→ TASK TO COMPLETE: When you reach a picture, leave it out; output everything else in the records exactly.

>>

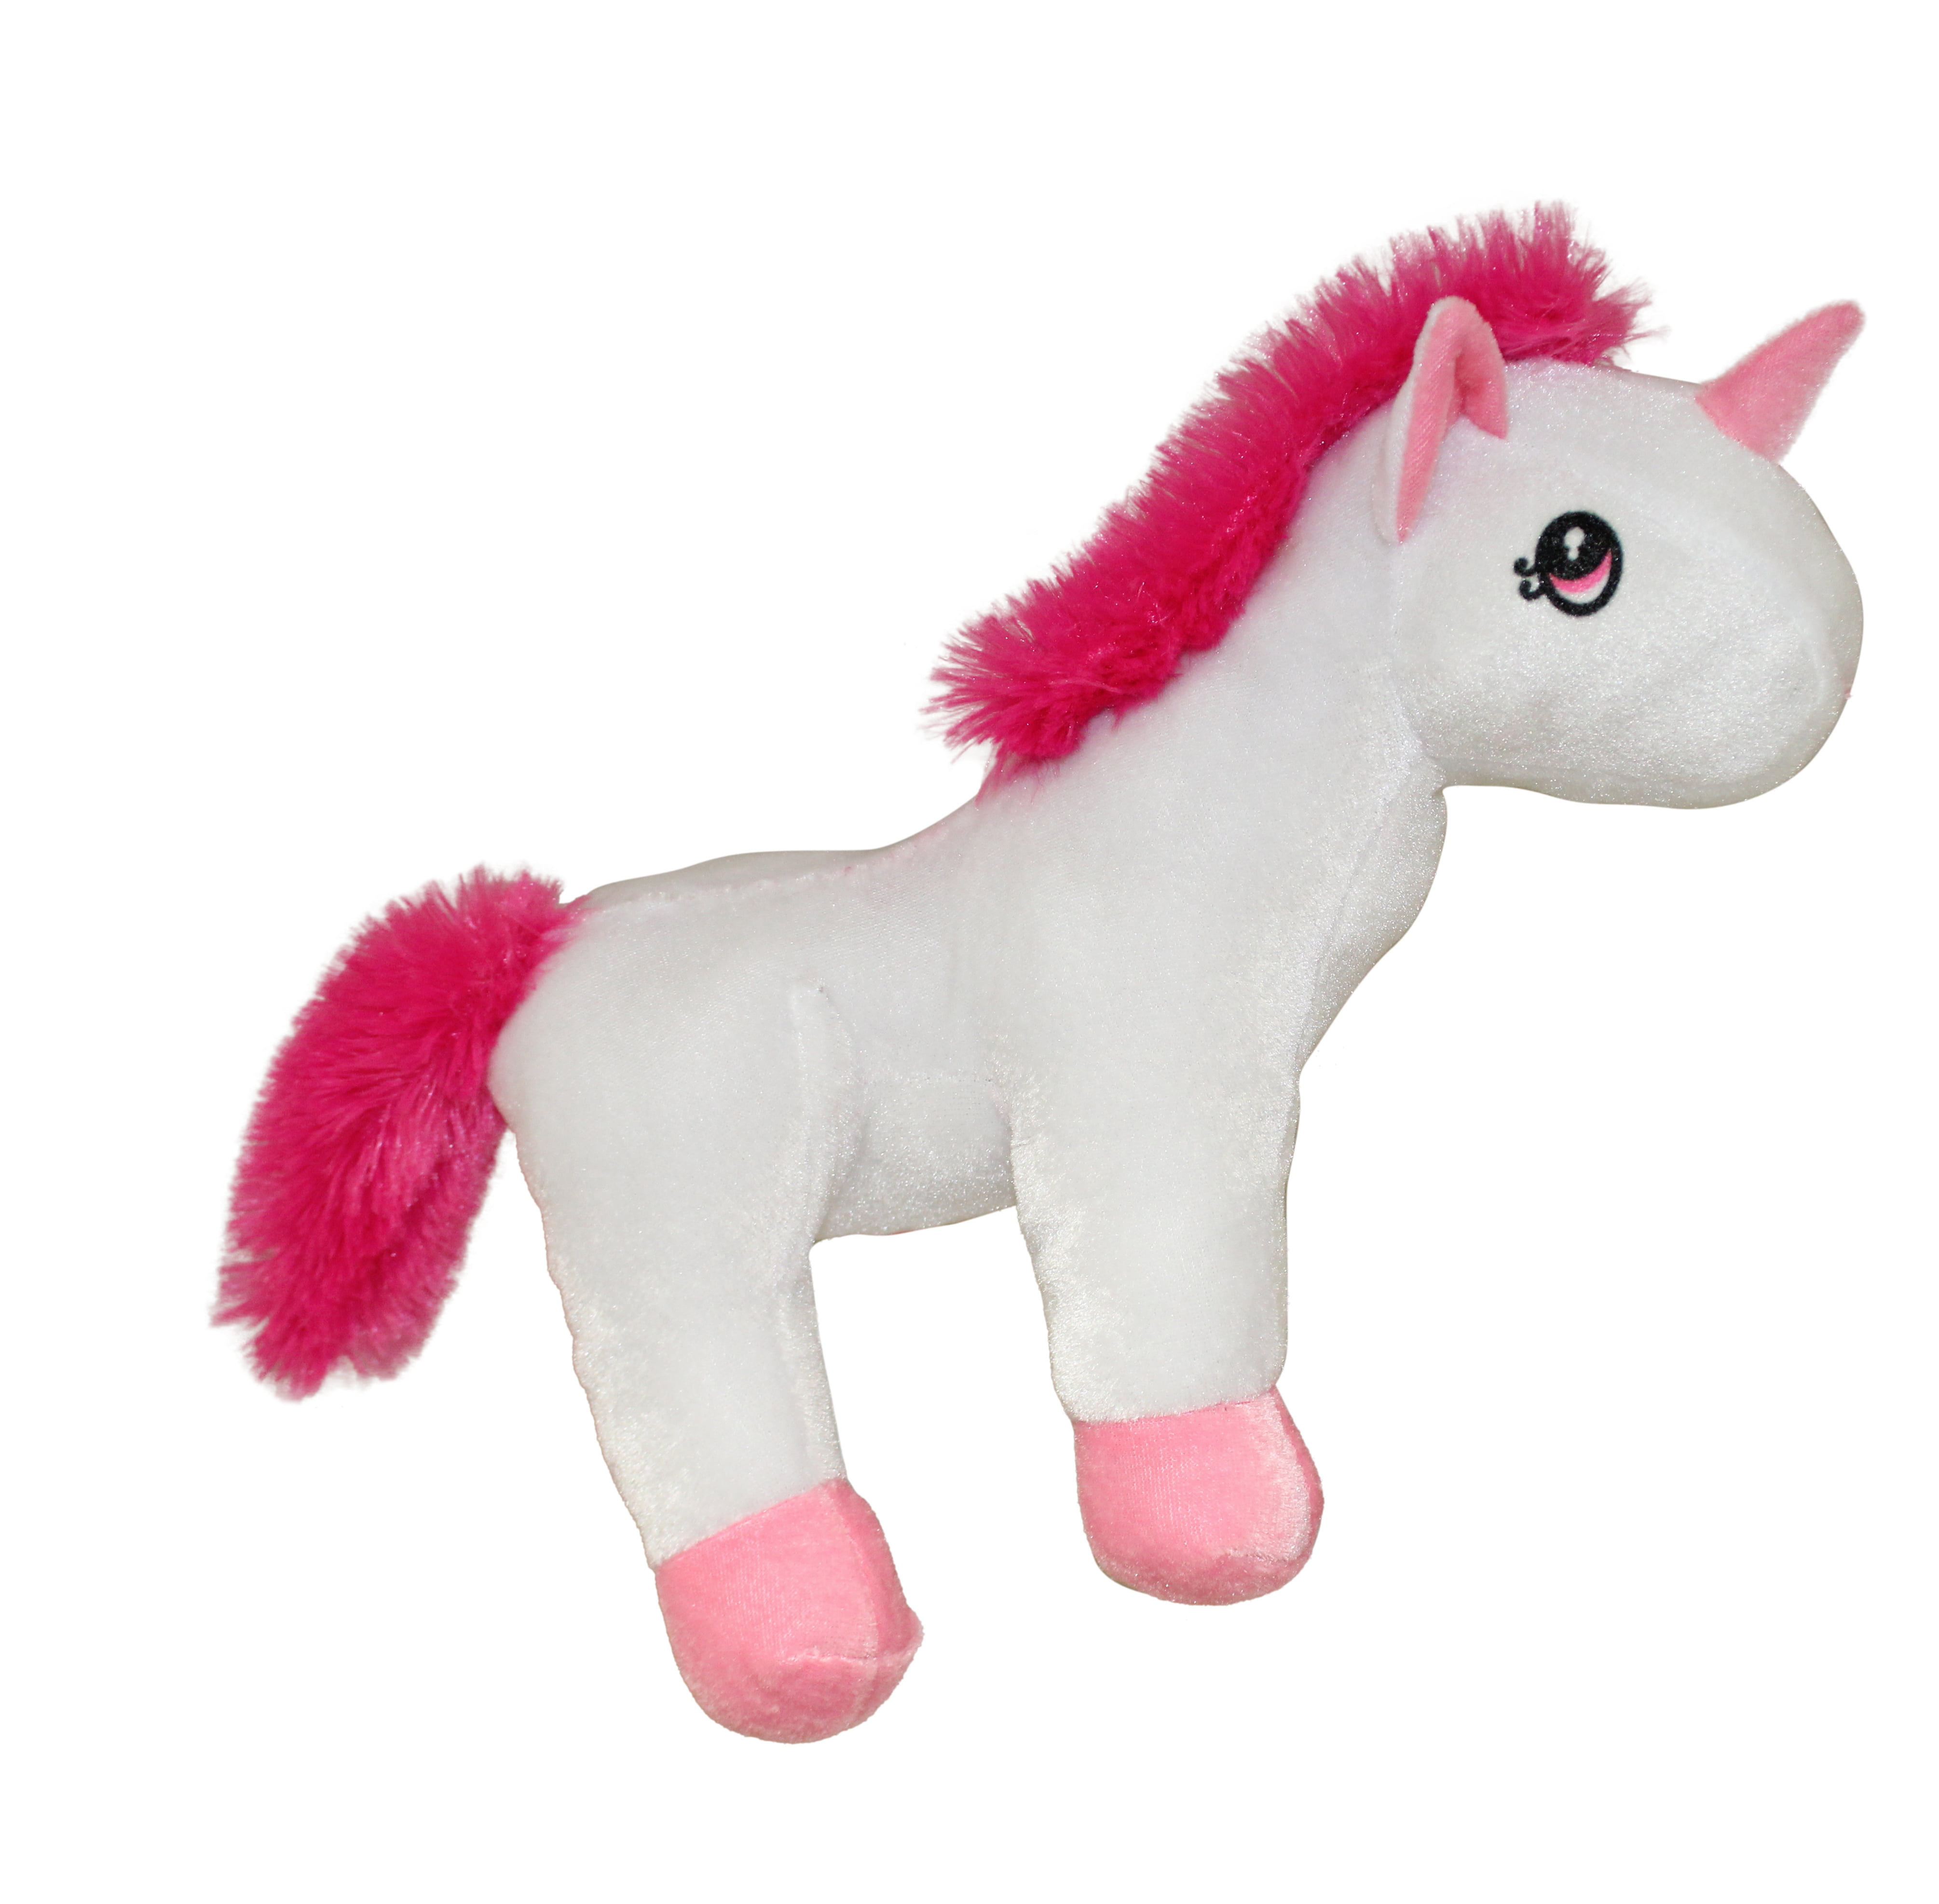 12" Laying Sugar Unicorn Plush Stuffed Animal Purple Blue Pink Sparkle Fluffy 
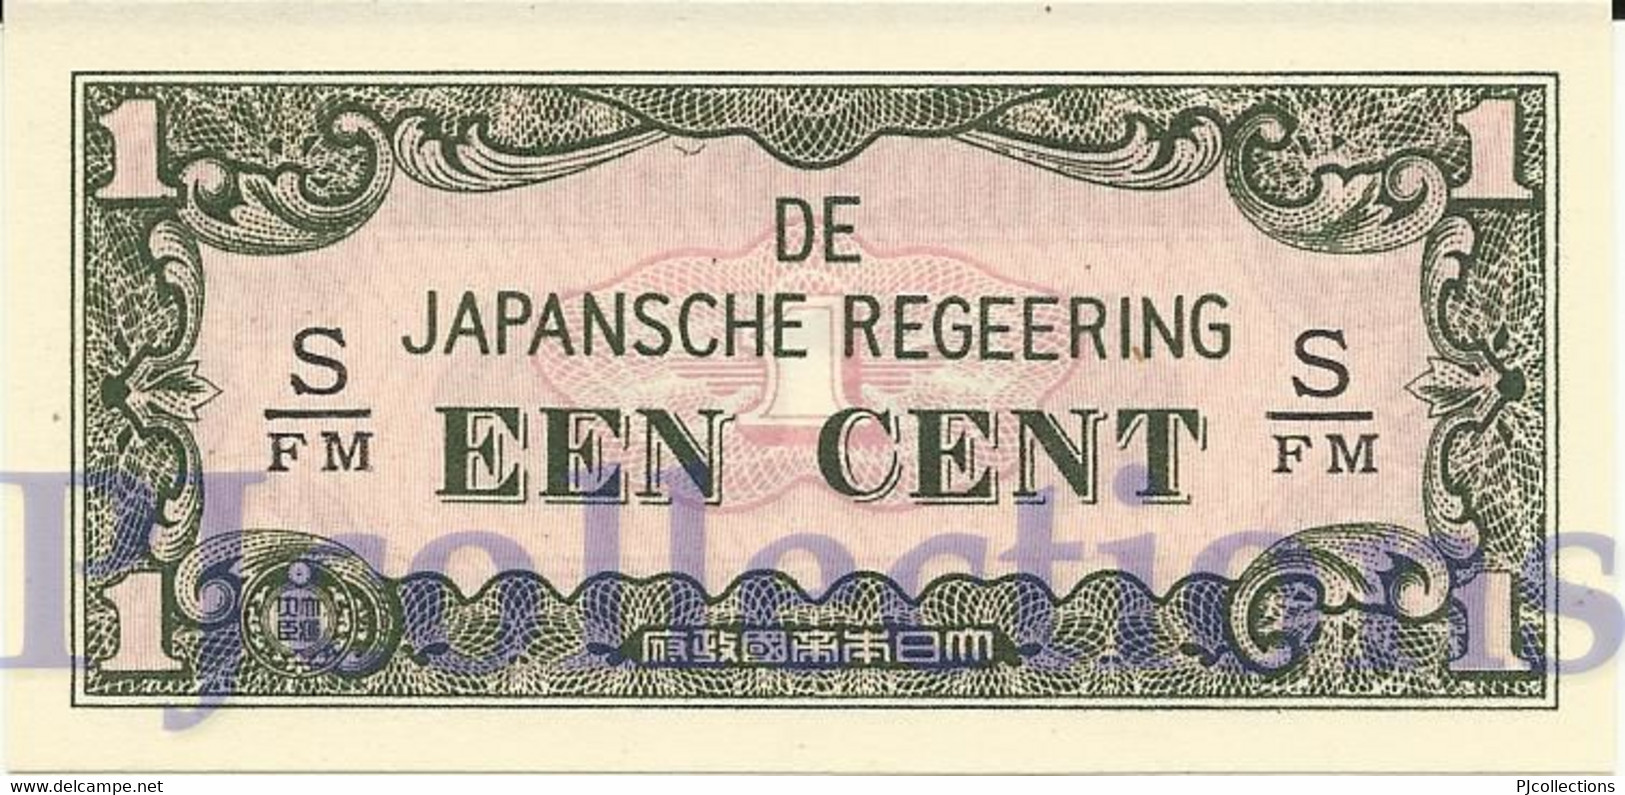 NETHERLANDS INDIES 1 CENT 1942 PICK 119b UNC - Indes Neerlandesas
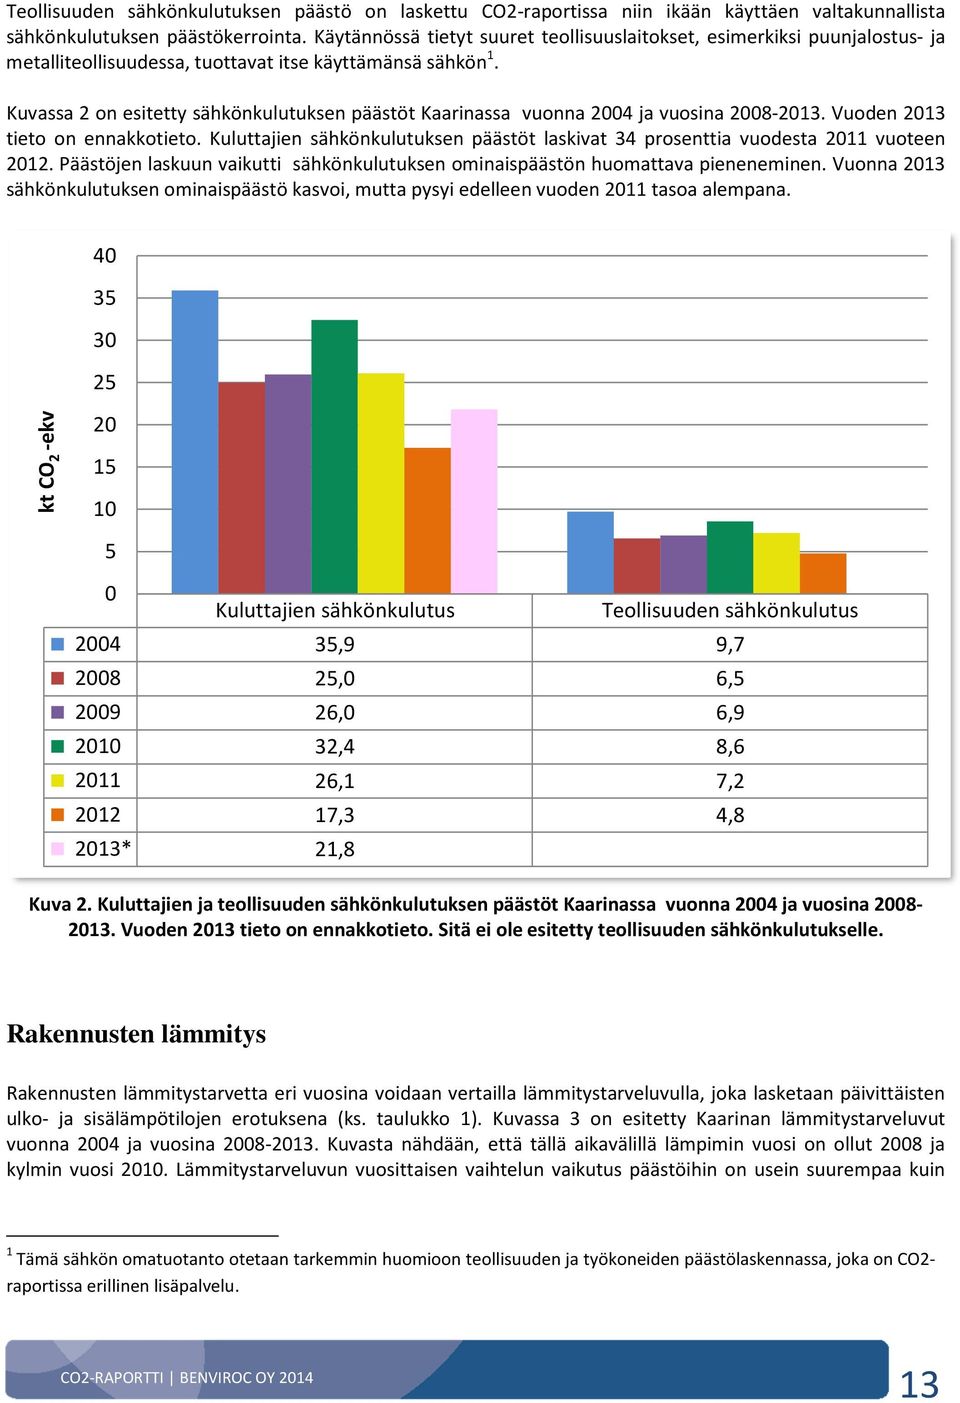 Kuvassa 2 on esitetty sähkönkulutuksen päästöt Kaarinassa vuonna 2004 ja vuosina 2008-2013. Vuoden 2013 tieto on ennakkotieto.
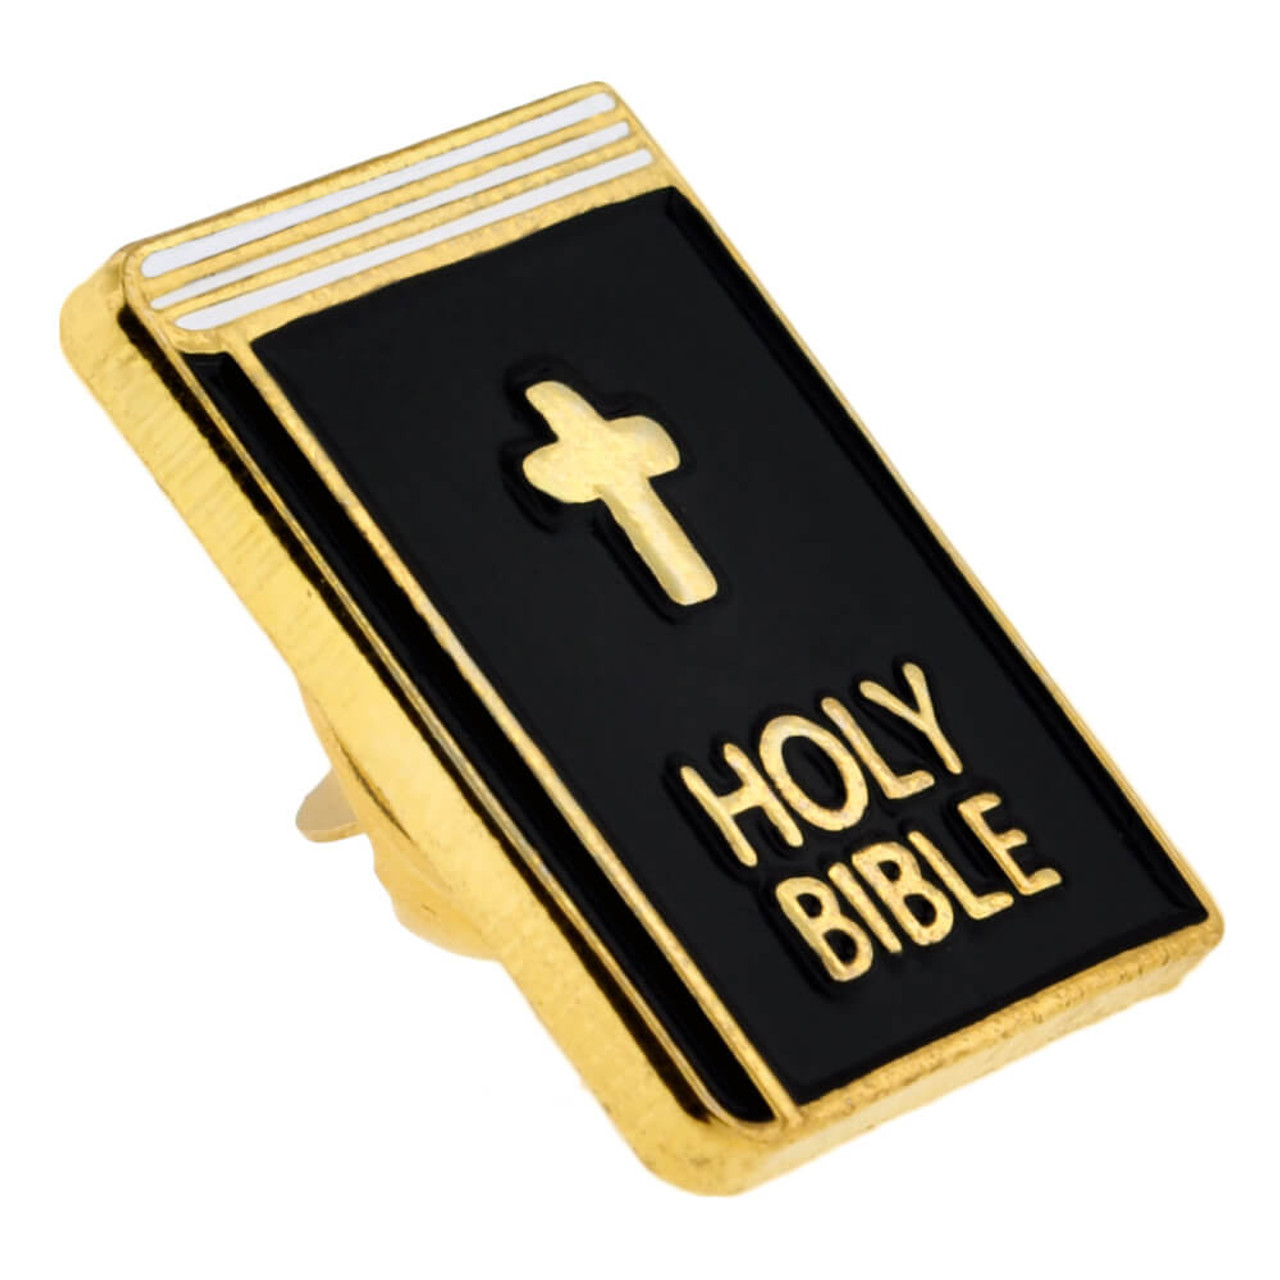 Pin on Bible
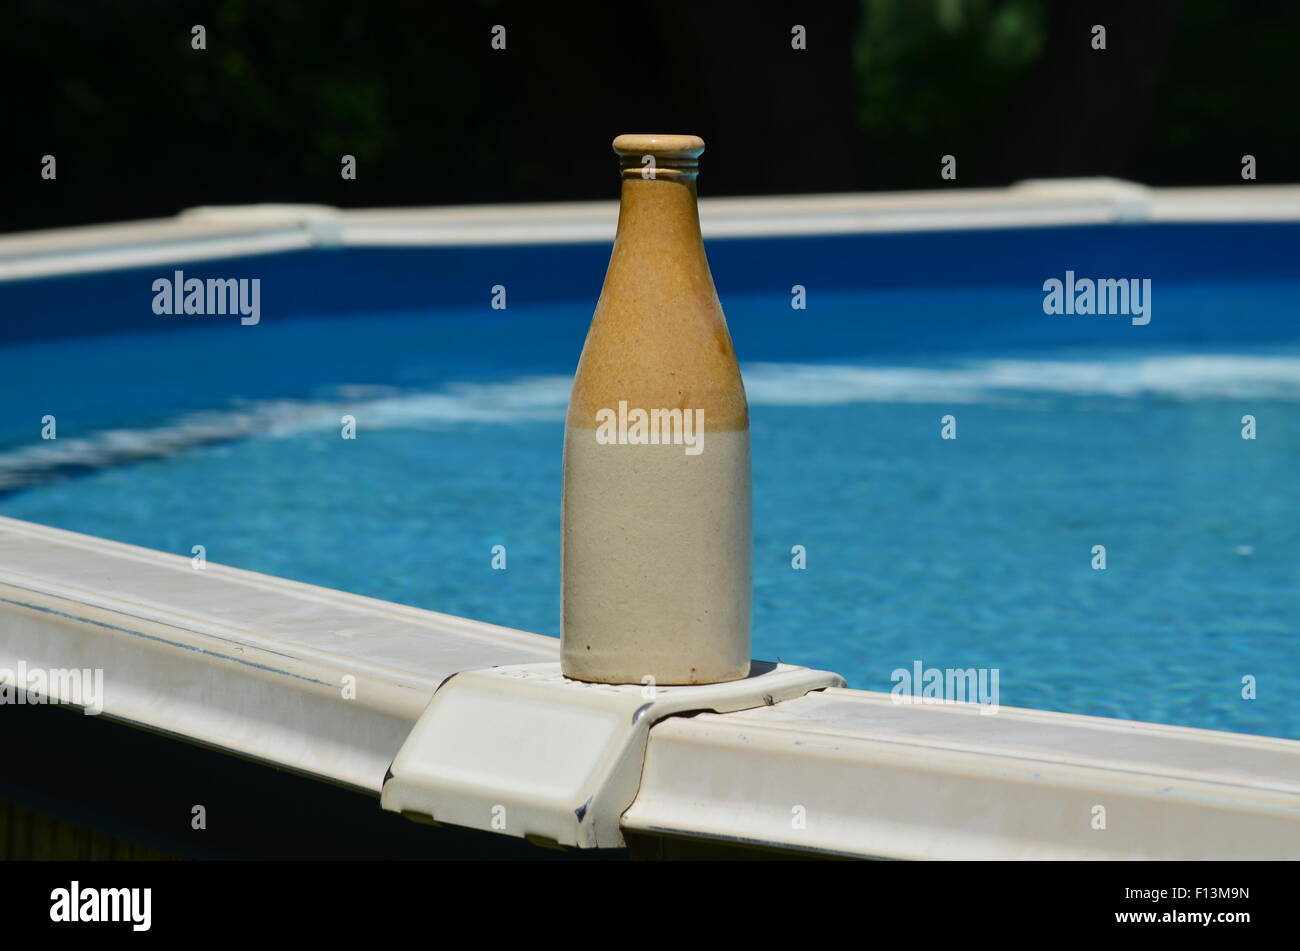 https://c8.alamy.com/comp/F13M9N/clay-bottle-F13M9N.jpg

<<

→ FINAL ANSWER:
 12" Laying Sugar Unicorn Plush Stuffed Animal Purple Blue Pink Sparkle Fluffy 
 NETHERLANDS INDIES 1 CENT 1942 PICK 119b UNC - Indes Neerlandesas
 Kuvassa 2 on esitetty sähkönkulutuksen päästöt Kaarinassa vuonna 2004 ja vuosina 2008-2013. Vuoden 2013 tieto on ennakkotieto.
 Pin on Bible
 https://c8.alamy.com/comp/F13M9N/clay-bottle-F13M9N.jpg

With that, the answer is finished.